Actualisé 07.10.2010 à 18:10

Football: Montenegro-SuisseHitzfeld: «Ce n'est pas le match de la peur»

Le sélectionneur ne veut pas parler d'un match de la peur, mais plutôt d'une rencontre où «il y a beaucoup à gagner».

Hitzfeld à l'entraînement: ses consignes seront-elles entendues?

Hitzfeld à l'entraînement: ses consignes seront-elles entendues?

«Les termes guerriers qui fleurissent, dit-on, autour de ce match, je ne les ai pas entendus, explique Ottmar Hitzfeld. Il est vrai que cette rencontre est importante. Il est vrai aussi que les Monténégrins, avec leurs six points, peuvent être euphoriques. Personne ne les attendait avec un tel bilan après deux rencontres. Ils vont jouer vers l'avant de manière agressive. Ils vont chercher Vucinic avec de longs ballons. Il faudra être fort dans les duels. Les tenir pour être capables, à notre tour, de faire le jeu. La question est de trouver le bon équilibre entre un jeu axé sur la conservation du ballon et un autre sur les ruptures. Sur le plan de la stratégie, ce match s'annonce très intéressant. Mais je le répète une fois encore: j'ai une grande confiance envers mes joueurs».

Une confiance forgée par des entretiens individuels. «J'ai la conviction que tous les joueurs savent ce qui les attend vendredi, poursuit Ottmar Hitzfeld. Ils sont prêts à accepter le combat. Ils ont déjà été confrontés par le passé à une telle situation. Ils ont le plus souvent su y faire face».

Wölfli à la place de Benaglio

Contrairement à son homologue monténégrin, Ottmar Hitzfeld n'a pas dévoilé son équipe. «Tout reste ouvert. J'ai travaillé avec Sutter et Stocker mercredi à l'entraînement, explique-t-il. Mais rien ne dit qu'ils partent titulaires vendredi».

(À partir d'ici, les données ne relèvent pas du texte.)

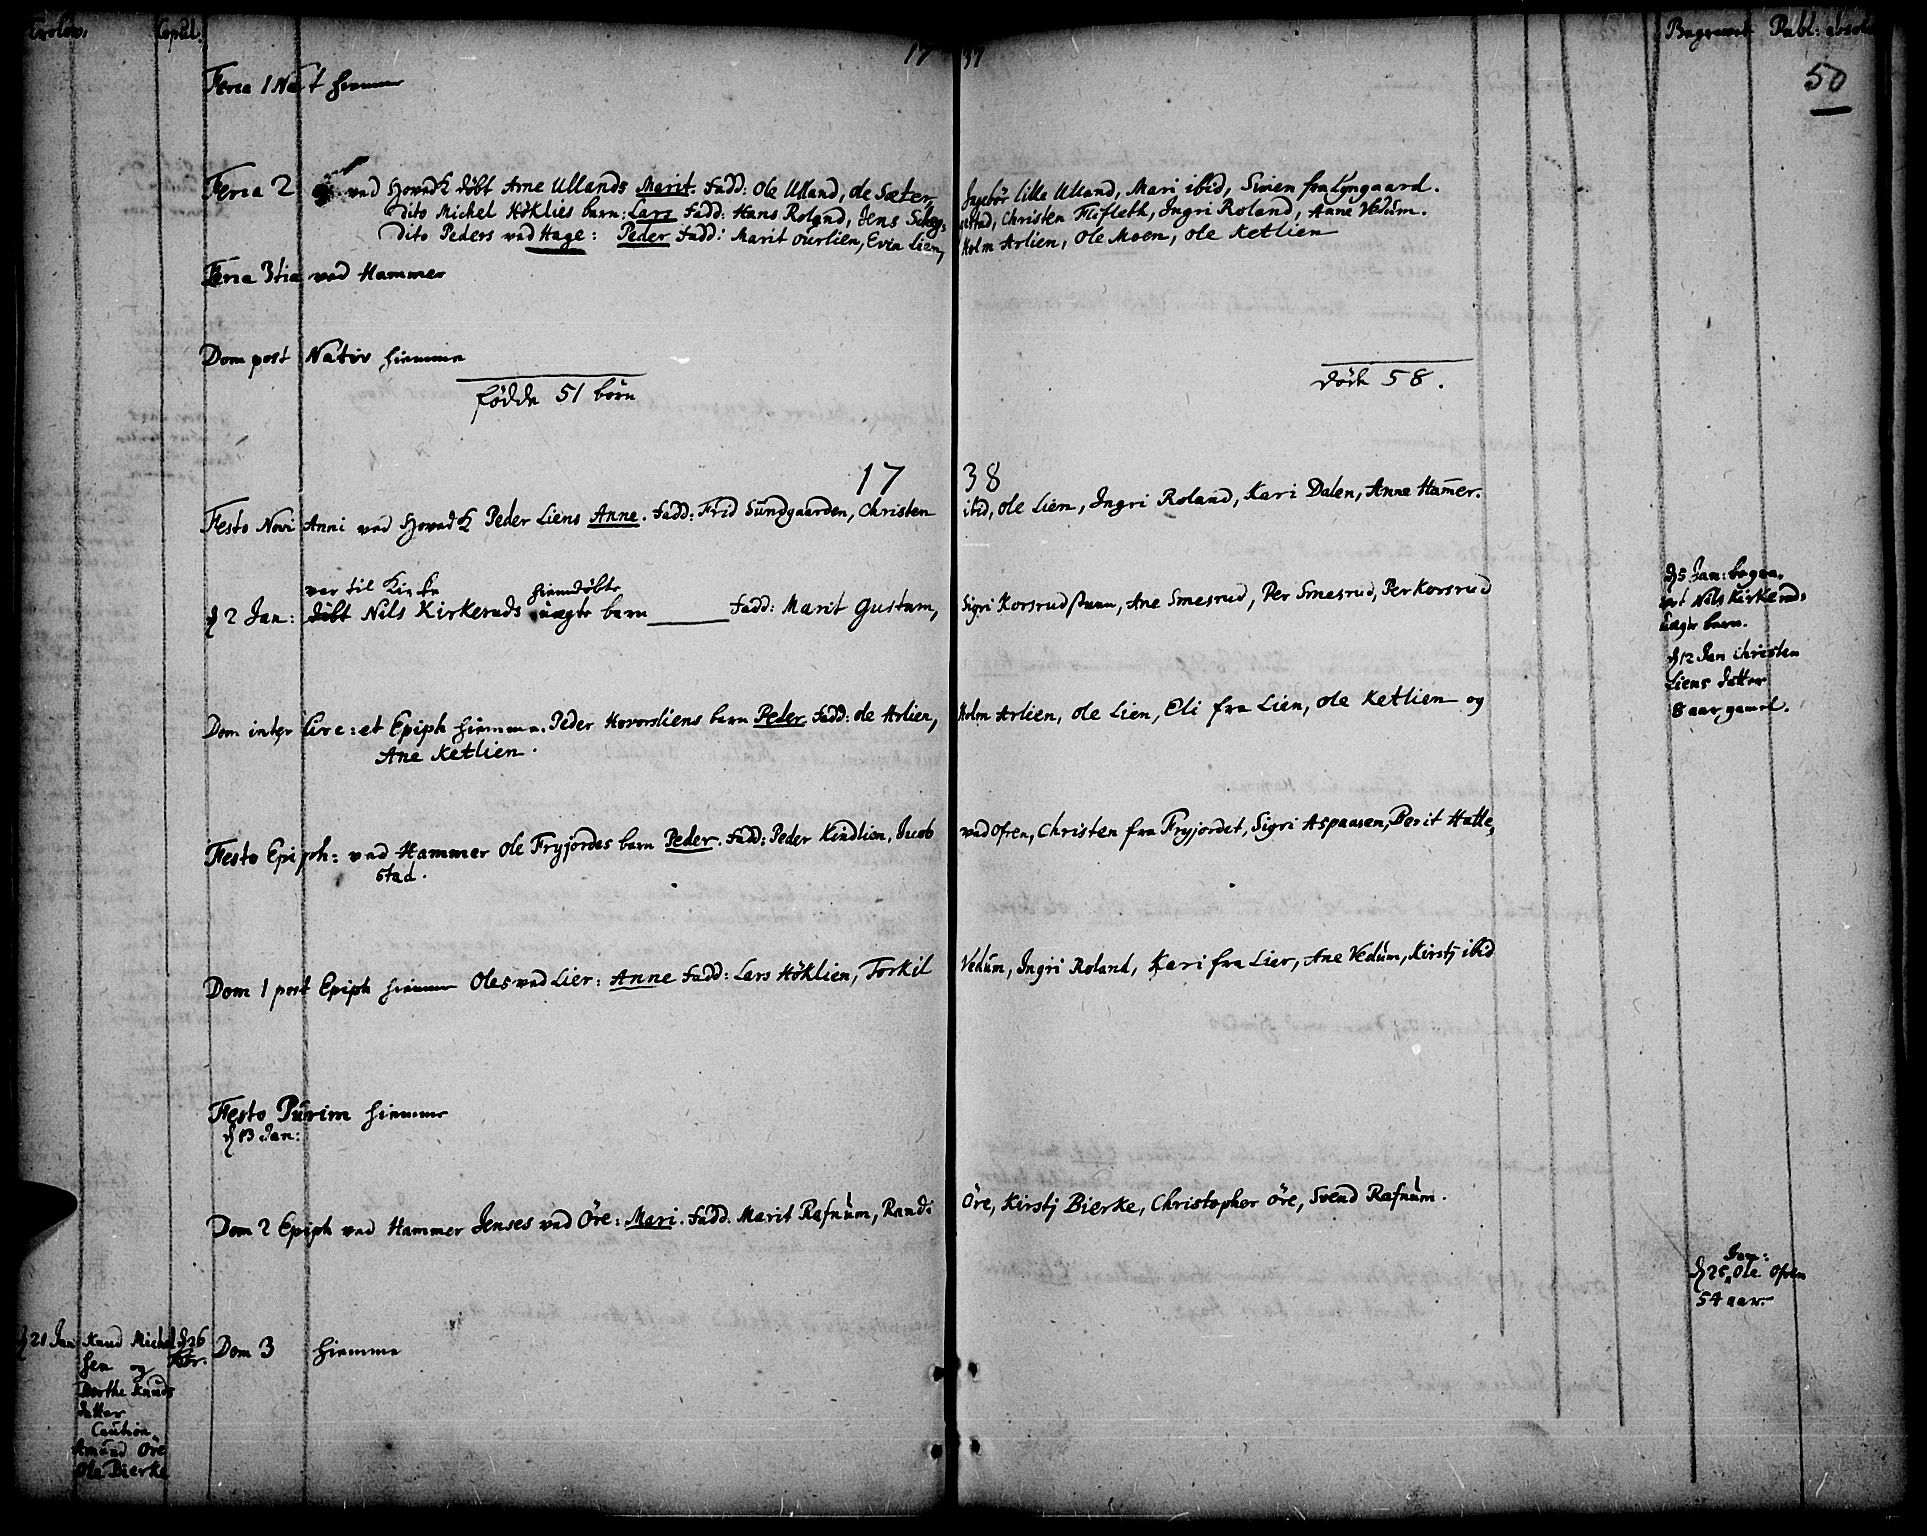 SAH, Fåberg prestekontor, Ministerialbok nr. 1, 1727-1775, s. 50
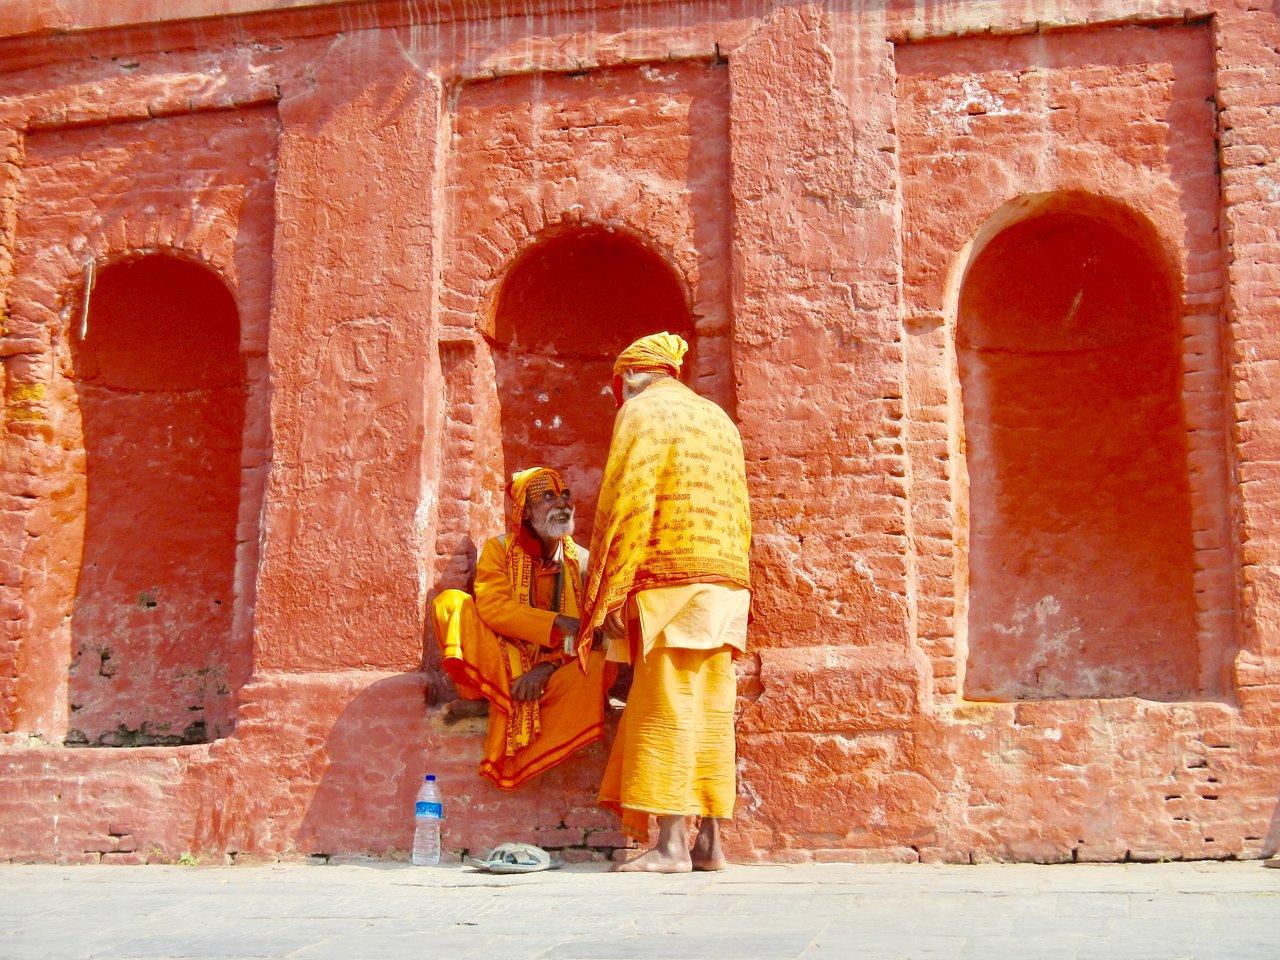 Hindu Priest at Pashupatinath Temple Kathmandu Photo taken by Greg C

En revanche, le coach national a dû se résigner à faire sans Diego Benaglio, absent de l'entraînement jeudi car pas suffisamment remis d'une contracture musculaire à la cuisse. Marco Wölfli prendra sa place dans les buts.

En confiant finalement le poste au portier des Young Boys, Ottmar Hitzfeld a voulu éviter tous risques concernant Benaglio. Aligner un joueur qui se serait à peine entraîné de la semaine en serait un de taille. L'an dernier, il n'avait pas hésité à écarter Benaglio, qui était alors malade, pour le match décisif contre Israël.

Benaglio a lui-même parlé d'une «décision raisonnable». Le gardien de Wolfsburg restera toutefois avec l'équipe pour continuer son travail thérapeutique. «Si la blessure continue gentiment de se résorber, je pourrai peut-être reprendre l'entraînement samedi et dimanche, puis éventuellement jouer mardi contre le Pays de Galles», a-t-il expliqué.

Une première vérité

L'idéal, bien sûr, pour Ottmar Hitzfeld serait la conquête des trois points à Podgorica. Pour «lancer» parfaitement cette campagne de qualification qui, aux yeux du sélectionneur, commence ce vendredi. Il occulte délibérément le match contre l'Angleterre et cette défaite 3-1 sans appel.

Pour Ottmar Hitzfeld, une vérité est déjà tombée dans ce groupe G: la première place, et donc la qualification directe pour l'EURO 2012, n'échappera pas à l'Angleterre. En commençant par ce match couperet de Podgorica pour terminer par un barrage contre une équipe classée deuxième de son groupe, la route que propose Ottmar Hitzfeld pour nous conduire en Pologne et en Ukraine ne s'apparente pas vraiment à un boulevard. Elle sera à la fois rude et longue.